We either have to not zip the output of tetramer, or change the tetramer name in the signal.cfg file.

btupper commented 8 years ago

This is a deeply nested issue - I have implemented a quick solution to look for the filename and if not found try looking for filename.gz In theory the file can be listed in the config file either way.

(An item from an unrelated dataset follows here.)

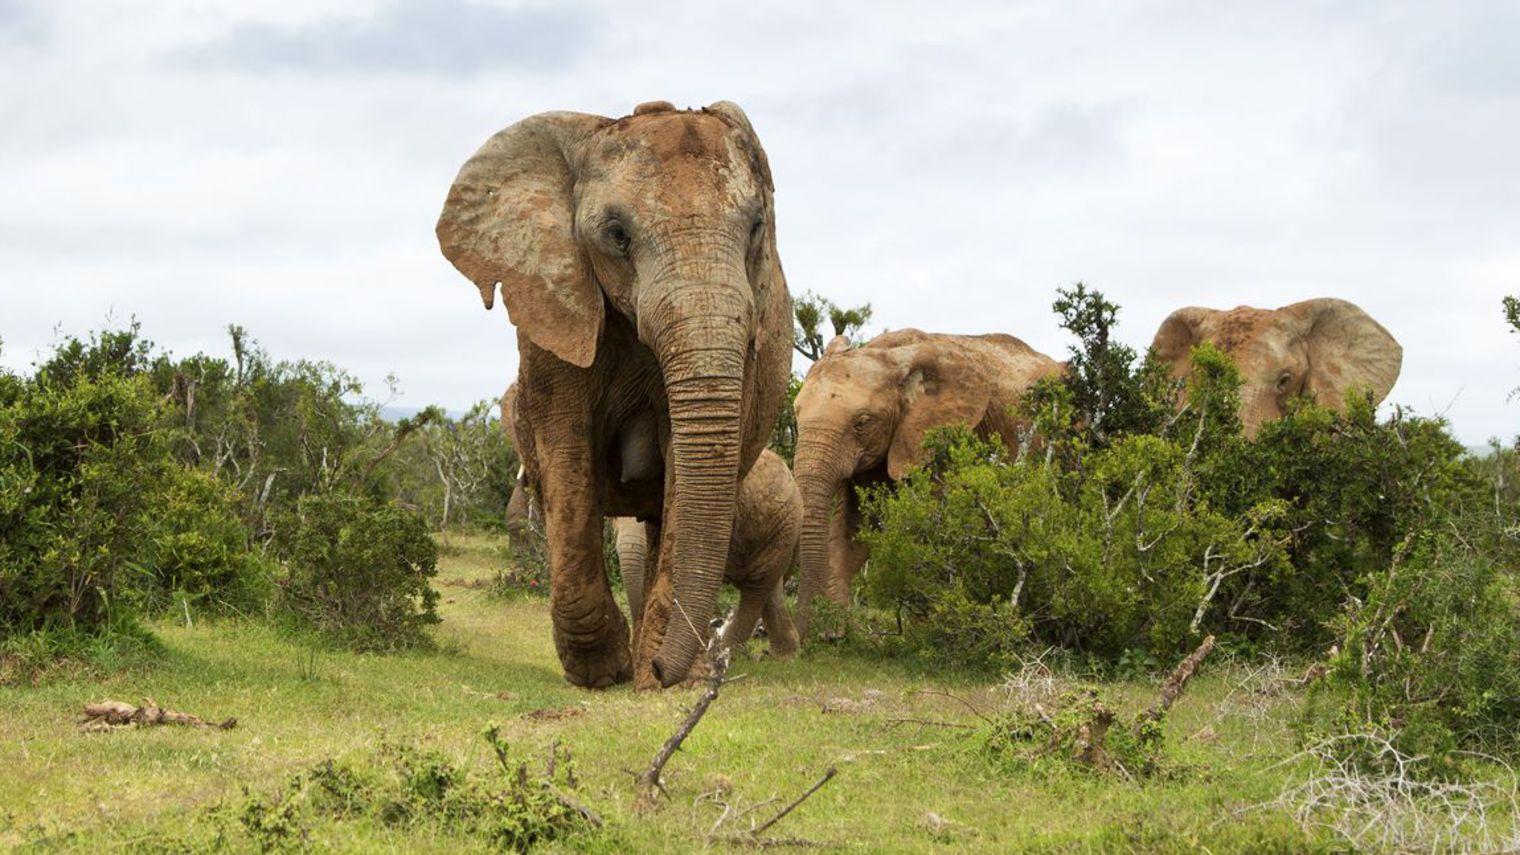 voyage-tourisme-afrique-du-sud_5169187[1].jpg

btupper@charlie ~ $ Rscript --vanilla /mnt/scgc_nfs/opt/viralscan/graphsignals.Rscript /mnt/stepanauskas_nfs/jlabonte/WGA-X_manuscript/Output_AD_867/AD-867-A04/signals.cfg
INFO [2016-03-30 10:11:47] reading FASTA file: /mnt/stepanauskas_nfs/jlabonte/WGA-X_manuscript/AD-867_2000/AD-867-A04_all_contigs.fasta
INFO [2016-03-30 10:11:47] read_fasta: AD-867-A04_all_contigs.fasta
INFO [2016-03-30 10:11:47] reading blastp file: AD-867-A04_blastp.tsv.gz
INFO [2016-03-30 10:11:47] flagging viral genes in blastp results
INFO [2016-03-30 10:11:47] flagging viral2 genes in blastp results
INFO [2016-03-30 10:11:47] flagging hypothetical viral genes in blastp results
INFO [2016-03-30 10:11:47] reading proteins FASTA file: AD-867-A04_proteins.fasta
INFO [2016-03-30 10:11:47] read_fasta: AD-867-A04_proteins.fasta
INFO [2016-03-30 10:11:47] processing similarity
INFO [2016-03-30 10:11:47] read_similarity: LineP-all.tsv.gz
INFO [2016-03-30 10:11:49] selecting best hit based upon: qseqid length bitscore
INFO [2016-03-30 10:11:50] read_similarity: POV.tsv.gz
INFO [2016-03-30 10:11:51] selecting best hit based upon: qseqid length bitscore
INFO [2016-03-30 10:11:53] process_similarity with provided data.table
INFO [2016-03-30 10:11:55] process_similarity with provided data.table
INFO [2016-03-30 10:11:55] processing pileups
INFO [2016-03-30 10:11:55] identifying empty pileups
INFO [2016-03-30 10:11:55] reading pileups
INFO [2016-03-30 10:11:55] read_pileup: LineP-all.tsv.gz
INFO [2016-03-30 10:11:56] read_pileup: POV.tsv.gz
INFO [2016-03-30 10:11:57] summarizing pileups
INFO [2016-03-30 10:11:58] processing tetramer: AD-867-A04-tetramer-PC.csv.gz
INFO [2016-03-30 10:11:58] processing tRNA scan file: AD-867-A04-tRNAscan.txt
INFO [2016-03-30 10:11:58] processing proteins for viral genes
INFO [2016-03-30 10:11:58]     no viral genes found
INFO [2016-03-30 10:11:58] processing proteins for viral2 genes
INFO [2016-03-30 10:11:58] processing proteins for hypothetical viral genes
INFO [2016-03-30 10:11:58] processing GC content: AD-867-A04_gc_content.tsv.gz
INFO [2016-03-30 10:11:58] read_gccontent: AD-867-A04_gc_content.tsv.gz
INFO [2016-03-30 10:11:59] saving summary table
Loading required package: class
INFO [2016-03-30 10:12:00] making graphics
INFO [2016-03-30 10:12:00] writing /mnt/stepanauskas_nfs/jlabonte/WGA-X_manuscript/Output_AD_867/AD-867-A04/summary/AD-867-A04.pdf
INFO [2016-03-30 10:12:01] done!
btupper commented 8 years ago

I should point out that currently this fix exists only in the devel branch (which is currently the exposed version.)